Drug maker Lilly and the federal government disagree over Lilly's 340B contract pharmacy appeal to U.S. Seventh Circuit Court of Appeals.

Lilly and Feds Disagree Over Whether 340B Case Is Ripe for Appeal

Drug manufacturer Lilly and the federal government disagree over whether a federal district judge’s recent decision in Lilly’s 340B contract pharmacy case is ripe for review.

Last month, the U.S. Seventh Circuit Court of Appeals questioned whether U.S. Senior District Judge Sarah Evans Barker of the Southern District of Indiana issued a final judgement on Oct. 29 in Lilly’s case against the federal government that is appealable. The court said that under its precedents, a lower court ruling that fails to separately declare the rights of the parties “may not be a final appealable judgment…or at the very least may not be ready for appellate review.”

Barker held in the government’s favor that the U.S. Health Resources and Services Administration’s (HRSA) May 17 letter determining that Lilly has broken the law “neither exceeds the agency’s statutory authority nor is contrary to law.” She also said “the fairest and most reasonable interpretation of the 340B statute” would not let manufacturers unilaterally restrict drug distribution in ways that frustrate 340B’s purpose.

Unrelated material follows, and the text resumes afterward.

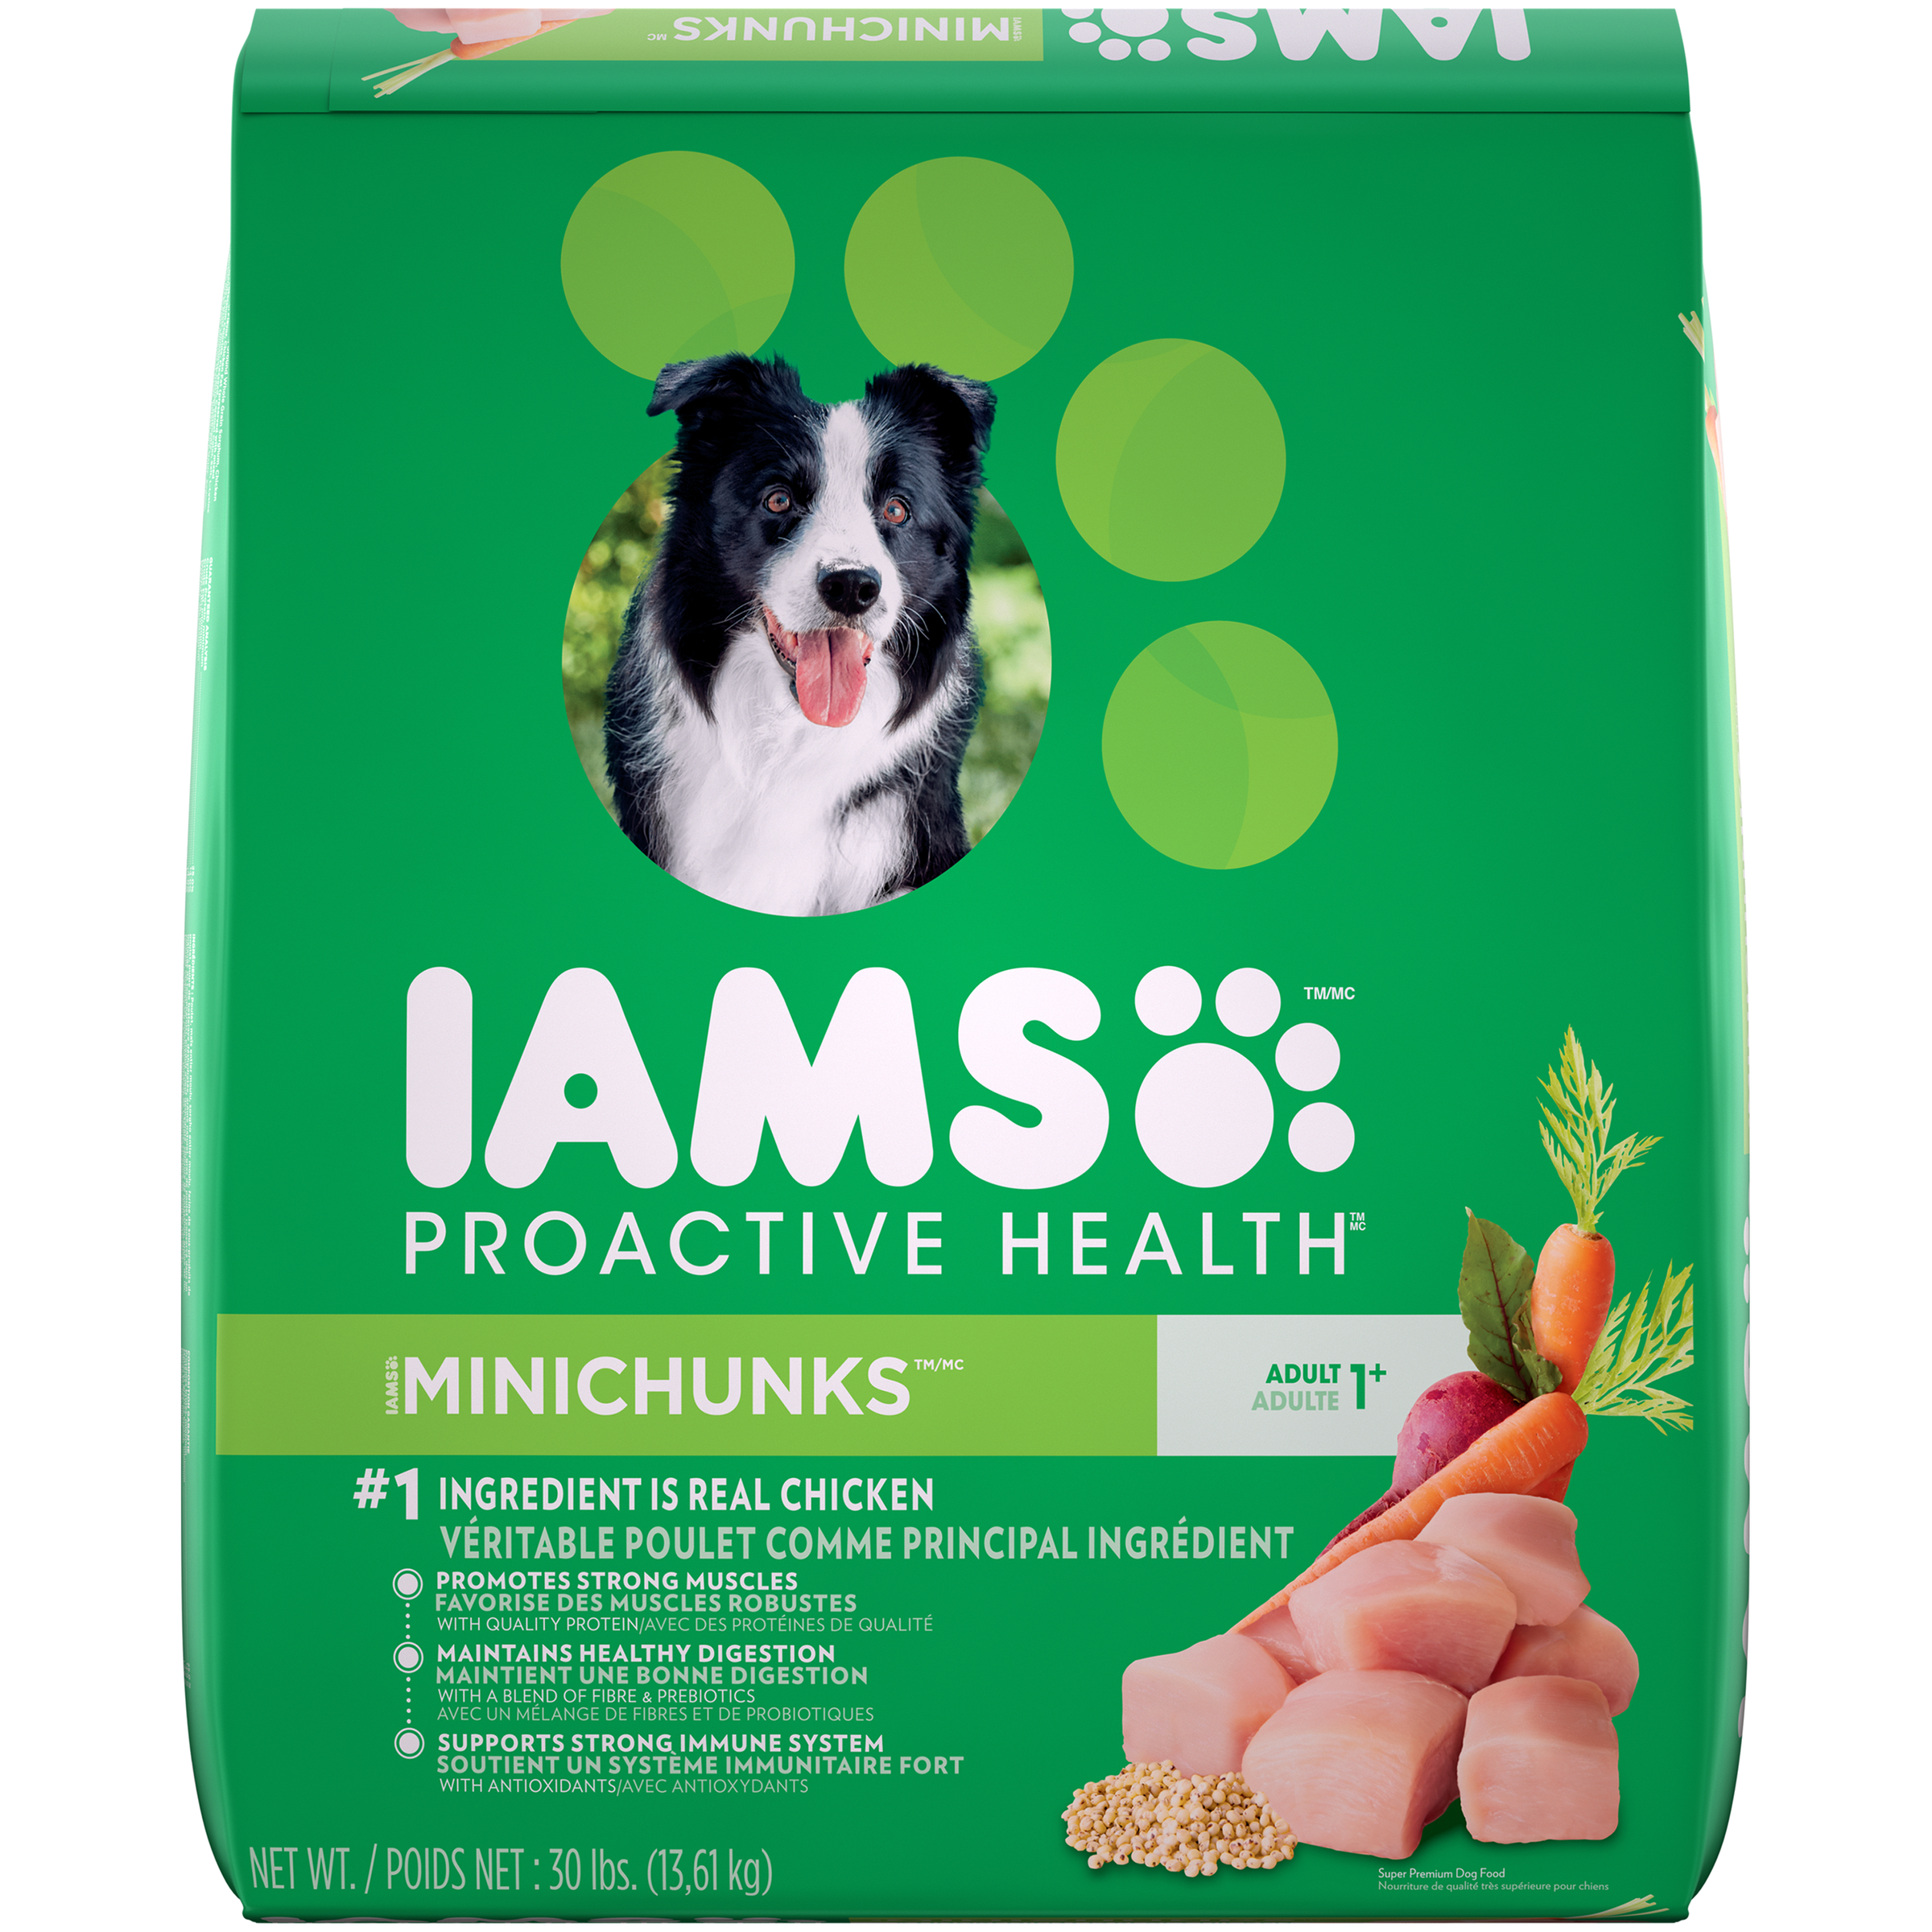 Iams MiniChunks Dog Food, Proactive Health, 16 Years, 30 lb

Baker, however, set aside and vacated the government’s violation letter on the grounds that HRSA did not acknowledge or explain its change in position regarding its ability to enforce contract pharmacy arrangements. She sent the letter back to HRSA “for further consideration/action consistent with” her decision.

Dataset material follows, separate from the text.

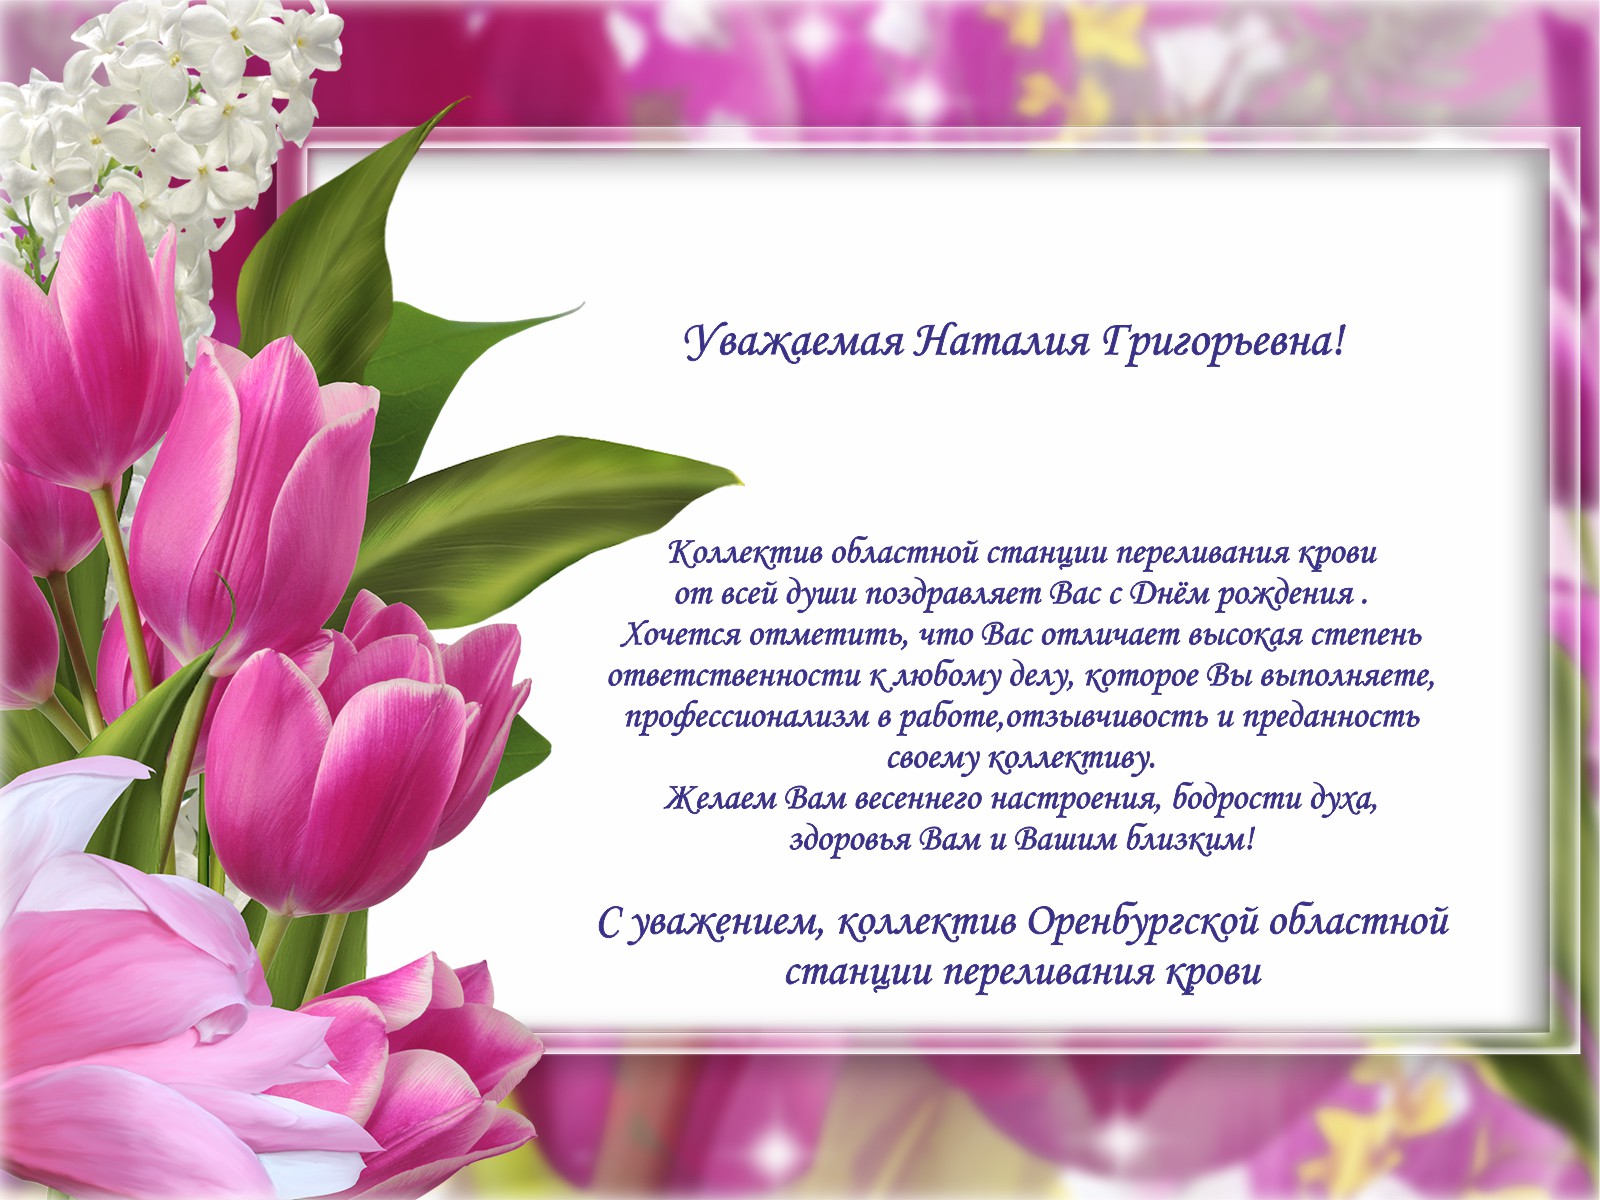 Поздравление с Днем рождения от коллектива ГБУЗ "ООКСПК"

Lilly appealed Barker’s decision on Nov. 10. On Nov. 16, the Seventh Circuit Court gave the two sides until Nov. 30 to file memos on whether the appeal could move forward.

Lilly in its memo pointed out that Barker specifically wrote that her partial final judgement would let the parties “decide whether to seek expedited appellate review of these issues.”

Lilly also argued that the appeals court clearly has jurisdiction “given that the judgment denied or granted the relevant claims in full…. Simply put, nothing about Lilly’s challenges to the [HRSA’s May 17 violation letter] remains pending in district court.”

Lilly said whether it prevails “on some, all, or none of its challenges” in its lawsuit to the 340B program administrative dispute resolution system “will have no impact on the resolution of any of its claims on appeal.” Earlier in the case, Baker issued a preliminary injunction protecting Lilly from ADR proceeding, saying she most likely would ultimately rule that the rule establishing the ADR system was procedurally defective. Baker, however, has held off on issuing a final judgement on that matter.

The federal government in its memo said, “it may be appropriate to remand this appeal for the limited purpose of allowing the district court to clarify its judgment to specifically declare the parties’ rights.”

The government agreed with Lilly that Barker intended “to allow for an appeal on the claims it had adjudicated,” and was clear about the remedies she ordered. But her partial final judgement “does not separately declare the respective rights of the parties.”

The government said the Seventh Circuit Court could appropriately send the case back to Barker to enter a judgement “that declares the parties’ rights consistent with “her opinion in the case.